Closed gangweiX closed 2 years ago

gangweiX commented 2 years ago

for cfnet.py, First error: def generate_search_range(self, sample_count, input_min_disparity, input_max_disparity): """ Description: Generates the disparity search range. Returns: :min_disparity: Lower bound of disparity search range :max_disparity: Upper bound of disaprity search range. """

    min_disparity = torch.clamp(input_min_disparity - torch.clamp((
            sample_count - input_max_disparity + input_min_disparity), min=0) / 2.0, min=0, max=self.maxdisp)
    max_disparity = torch.clamp(input_max_disparity + torch.clamp(
            sample_count - input_max_disparity + input_min_disparity, min=0) / 2.0, min=0, max=self.maxdisp)

    return min_disparity, max_disparity

it should be "min_disparity = torch.clamp(input_min_disparity - torch.clamp(( sample_count - input_max_disparity + input_min_disparity), min=0) / 2.0, min=0, max=self.maxdisp//4-1) max_disparity = torch.clamp(input_max_disparity + torch.clamp( sample_count - input_max_disparity + input_min_disparity, min=0) / 2.0, min=0, max=self.maxdisp//4-1)" or "min_disparity = torch.clamp(input_min_disparity - torch.clamp(( sample_count - input_max_disparity + input_min_disparity), min=0) / 2.0, min=0, max=self.maxdisp//2-1) max_disparity = torch.clamp(input_max_disparity + torch.clamp( sample_count - input_max_disparity + input_min_disparity, min=0) / 2.0, min=0, max=self.maxdisp//2-1)"

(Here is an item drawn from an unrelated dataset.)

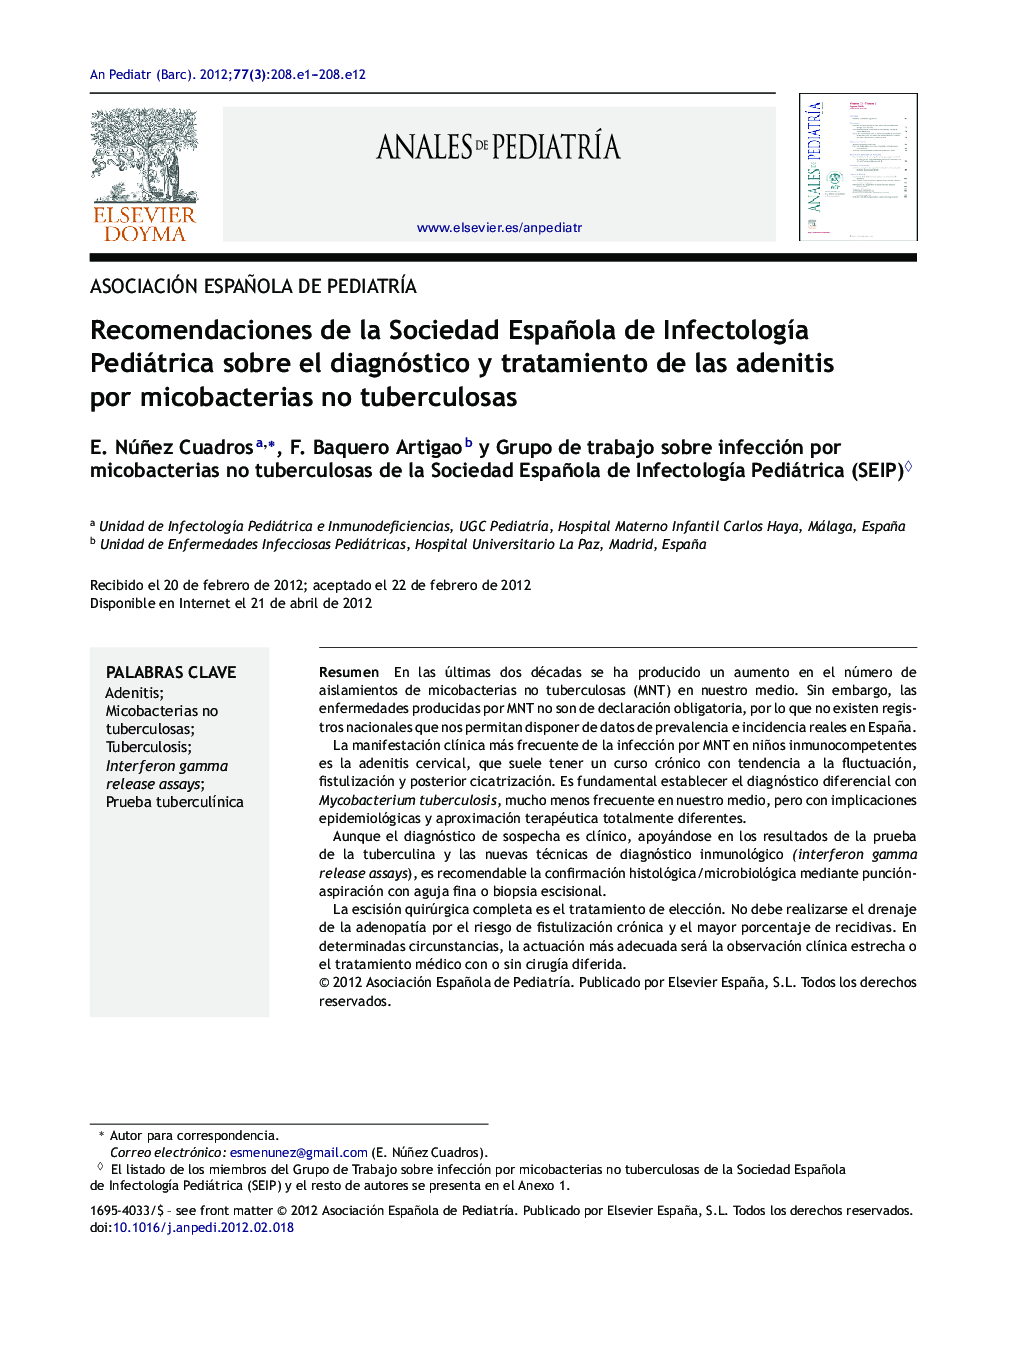 Recomendaciones de la Sociedad Española de InfectologÃ­a Pediátrica sobre el diagnóstico y tratamiento de las adenitis por micobacterias no tuberculosas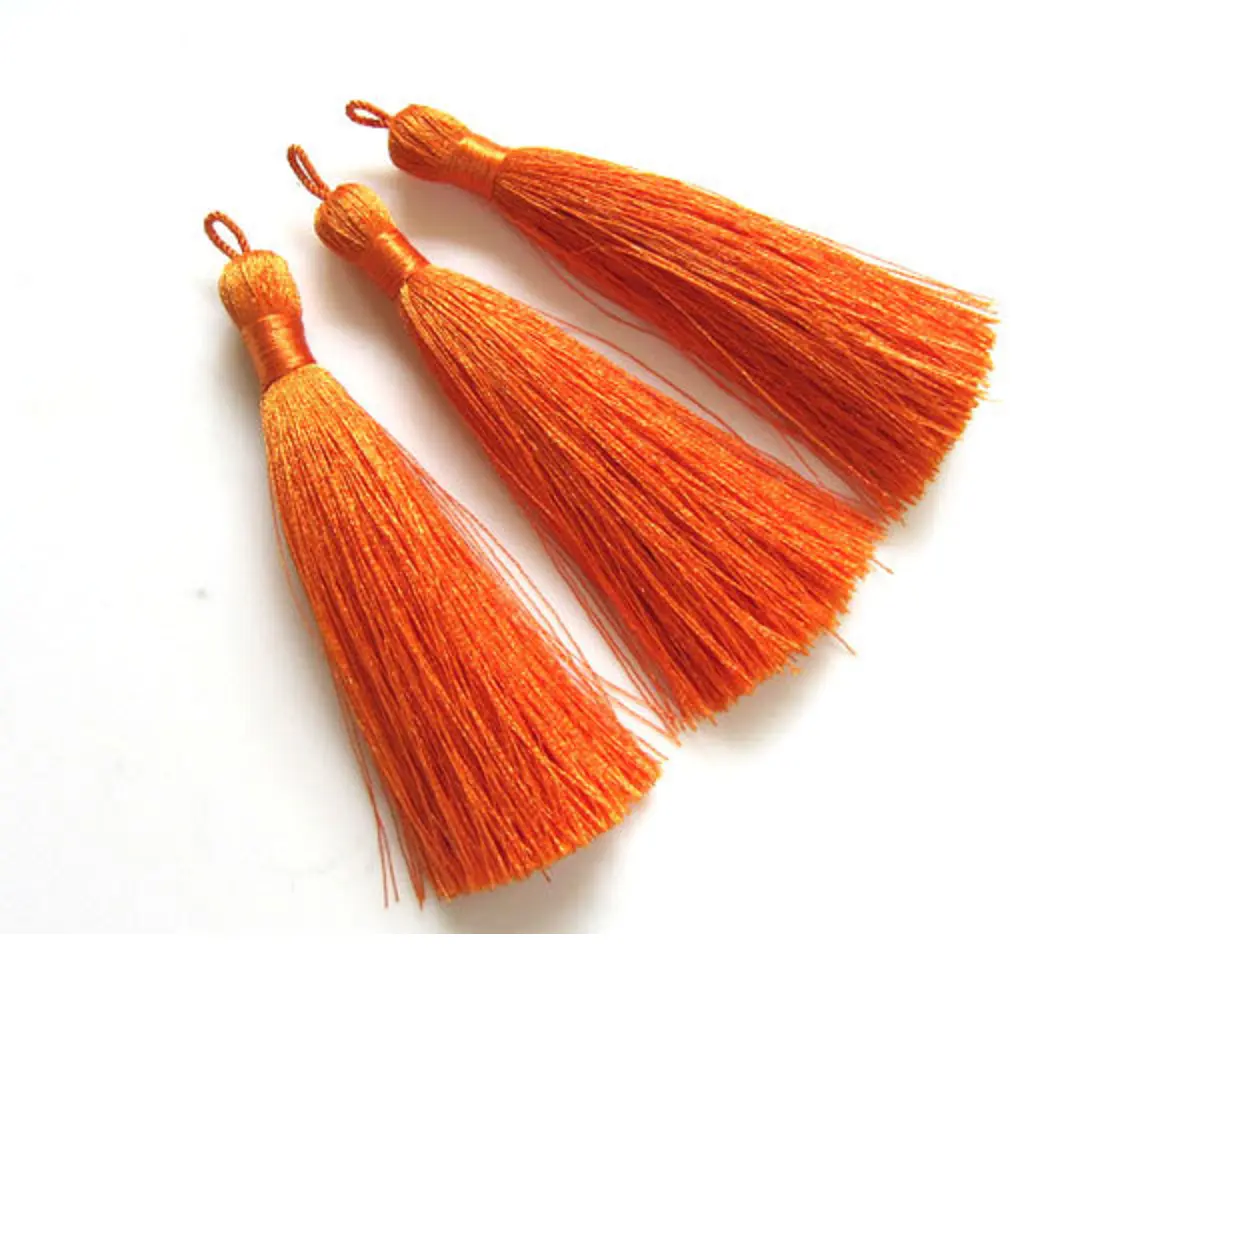 Maßge schneiderte orange farbene Quasten in Baumwolle und Rayon in Sonder größen erhältlich

Second error: in line 643 of cfnet.py, it should be "predmid_s2 = F.upsample(predmid_s2 2, [left.size()[2], left.size()[3]], mode='bilinear', align_corners=True)", not "predmid_s2 = F.upsample(predmid_s2 4, [left.size()[2], left.size()[3]], mode='bilinear', align_corners=True)"

gallenszl commented 2 years ago

Thank you very much! I have fixed the two bugs in the cfnet.py file.